(Exercise)
The task requires repeating, word for word, the lines from the one with "Botella isotérmica - Originals" through the end of the material, leaving out all pictures.

(Input data)
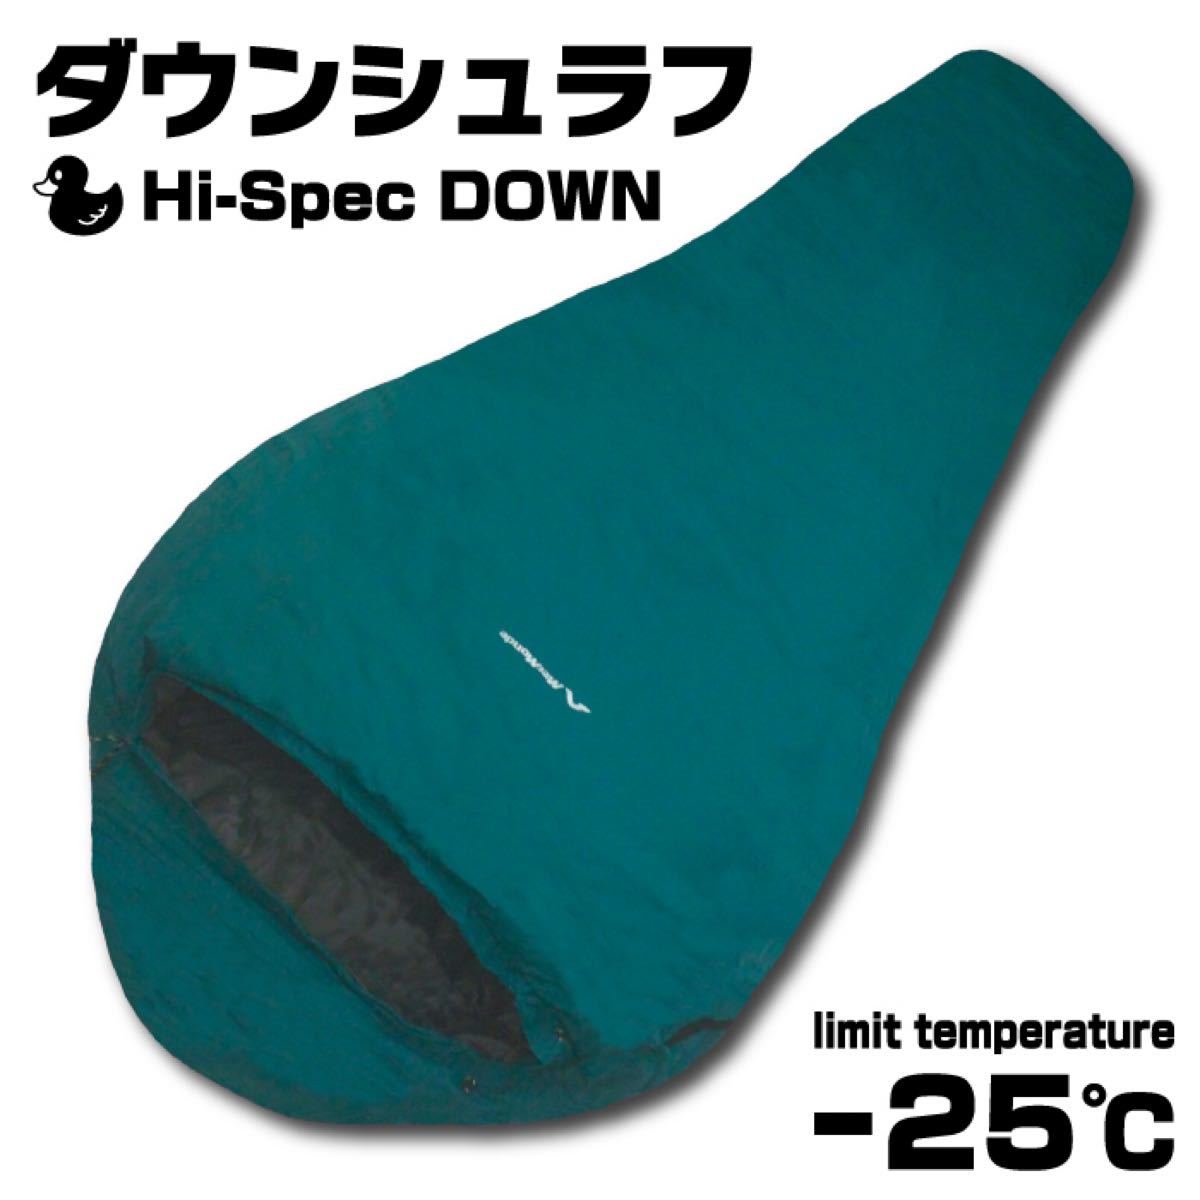 【限定特価】 高級ダウン シュラフ 寝袋 -25℃ マミー型 キャンプ 車中泊 登山 グリーン
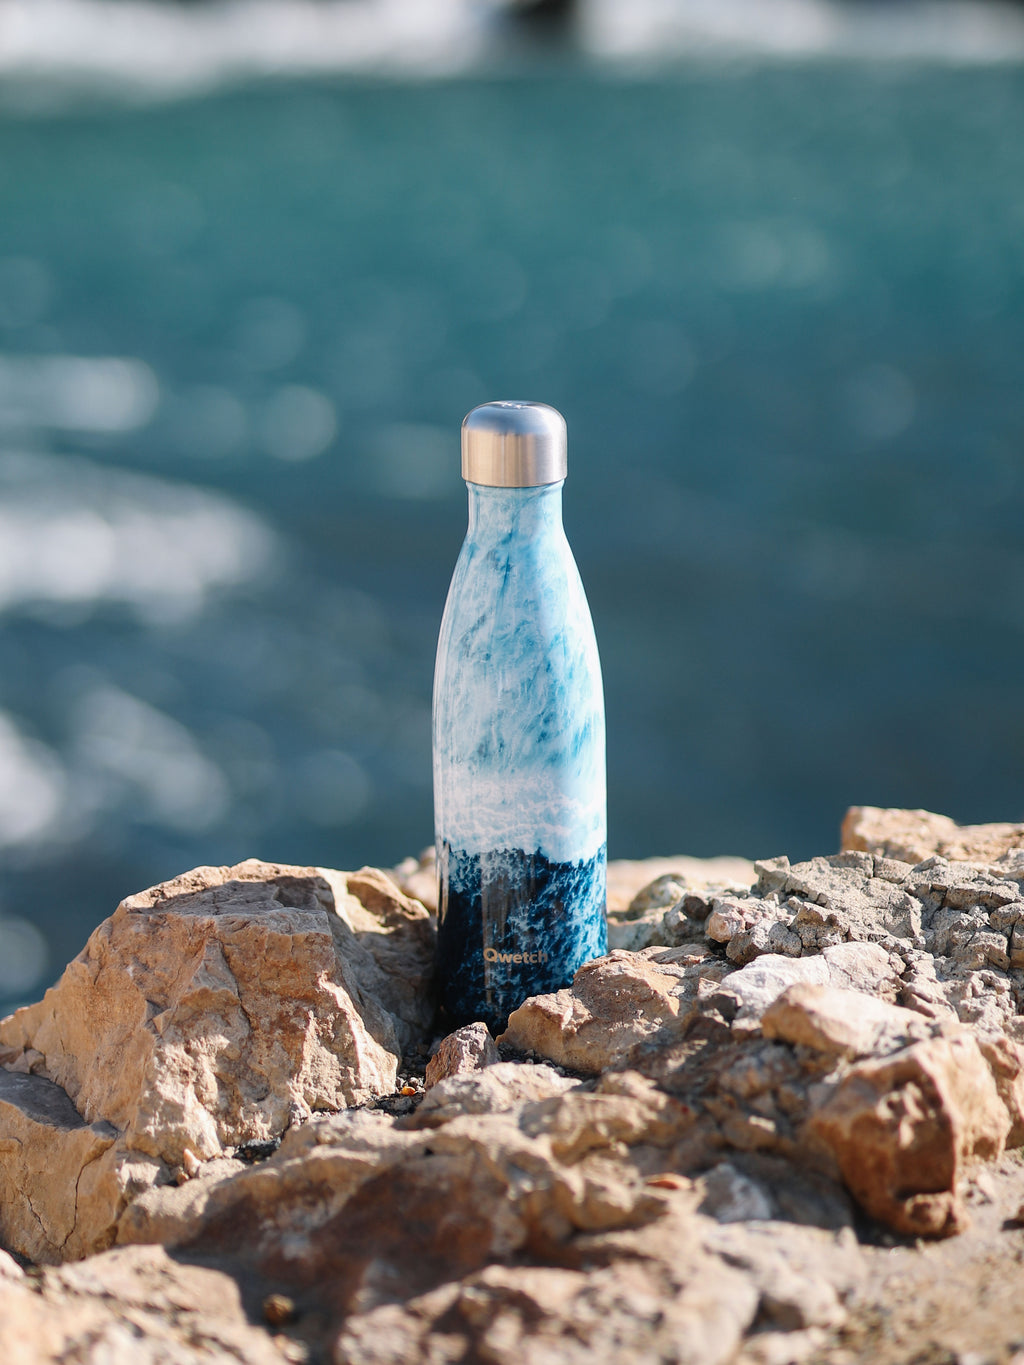 Botella isotérmica - Originals Amante del océano
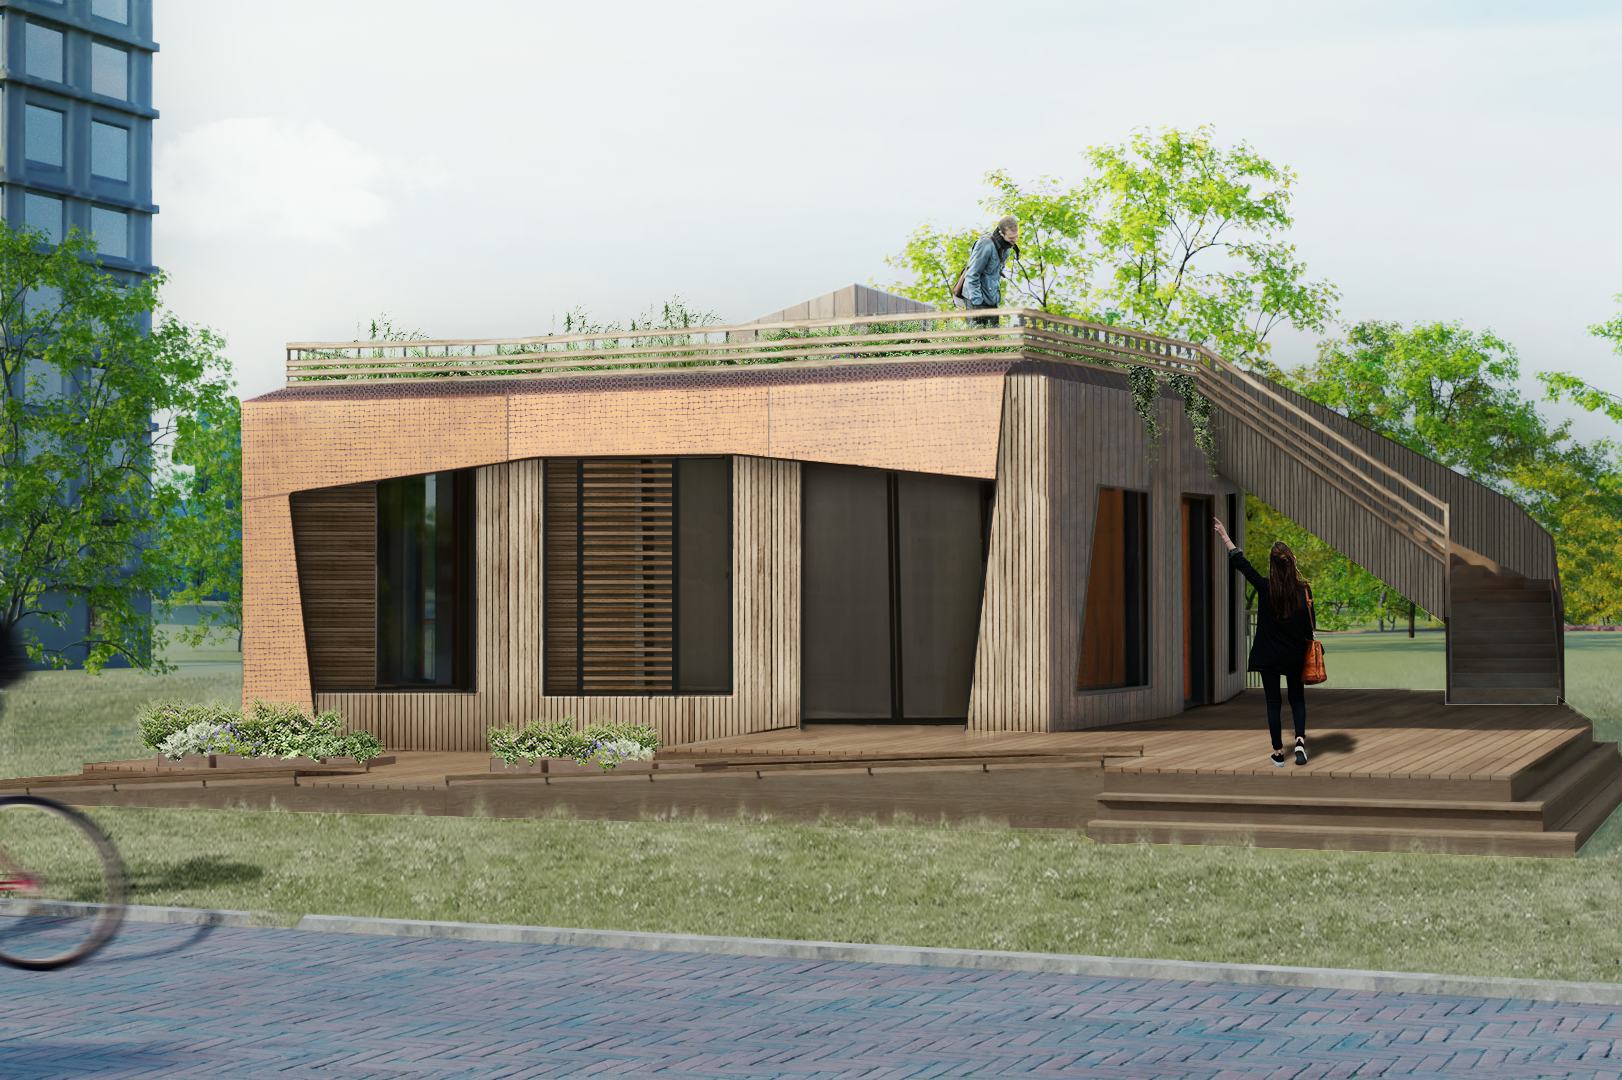 Impressie ontwerp huis 'Ripple' door studententeam VIRTUe op de TU/e campus. Beeld VIRTUe
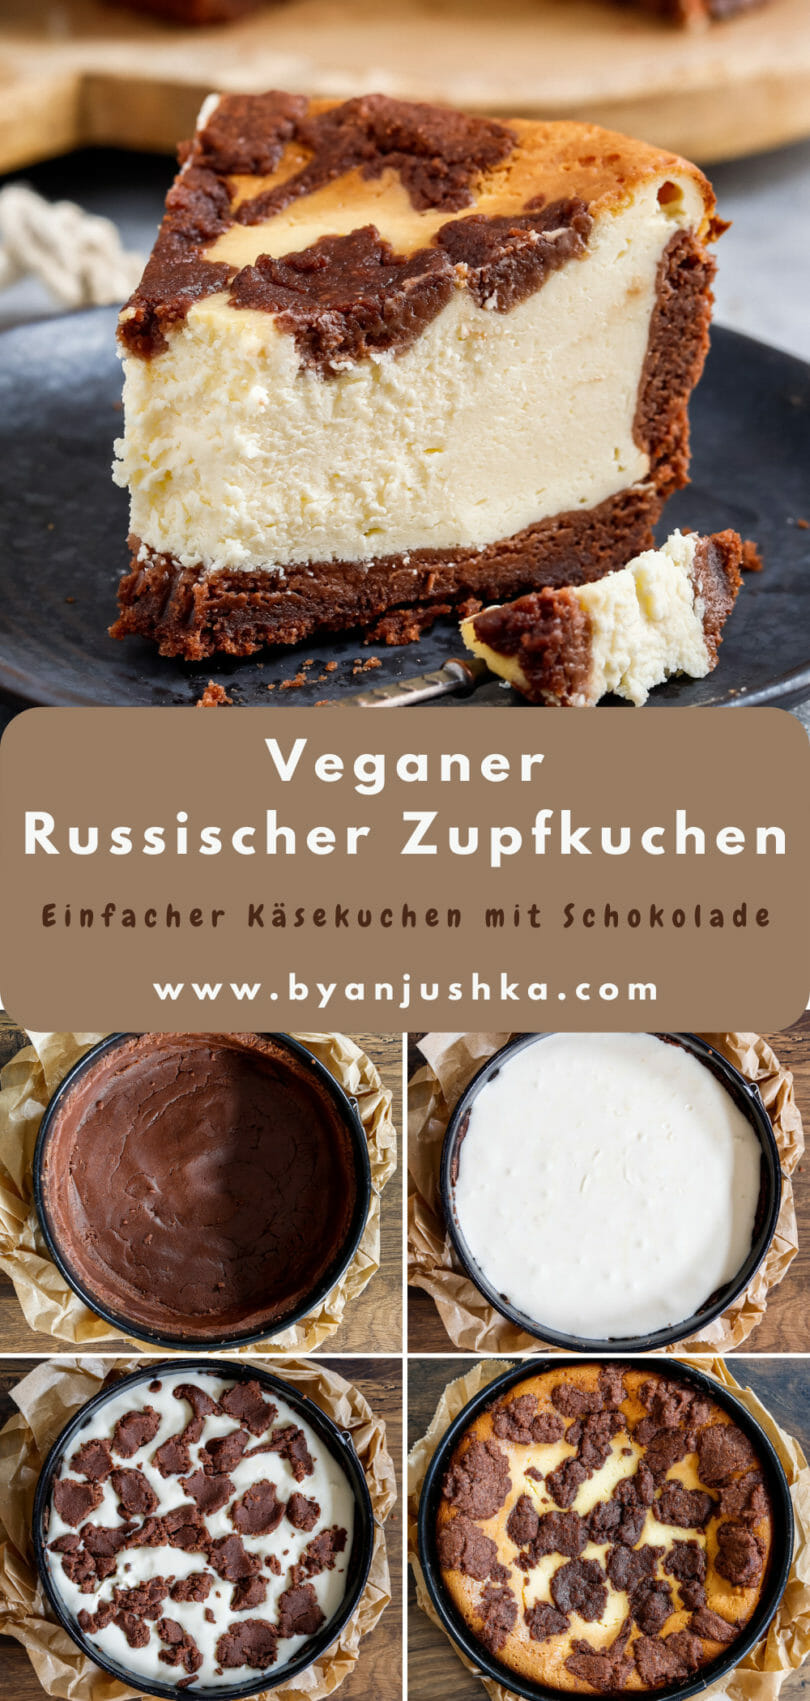 Collage für das Rezept "Veganer Russischer Zupfkuchen" zum teilen auf Pinterest

(Response for this exercise)
 Botella isotérmica - Originals Amante del océano
 Impressie ontwerp huis 'Ripple' door studententeam VIRTUe op de TU/e campus. Beeld VIRTUe
 Collage für das Rezept "Veganer Russischer Zupfkuchen" zum teilen auf Pinterest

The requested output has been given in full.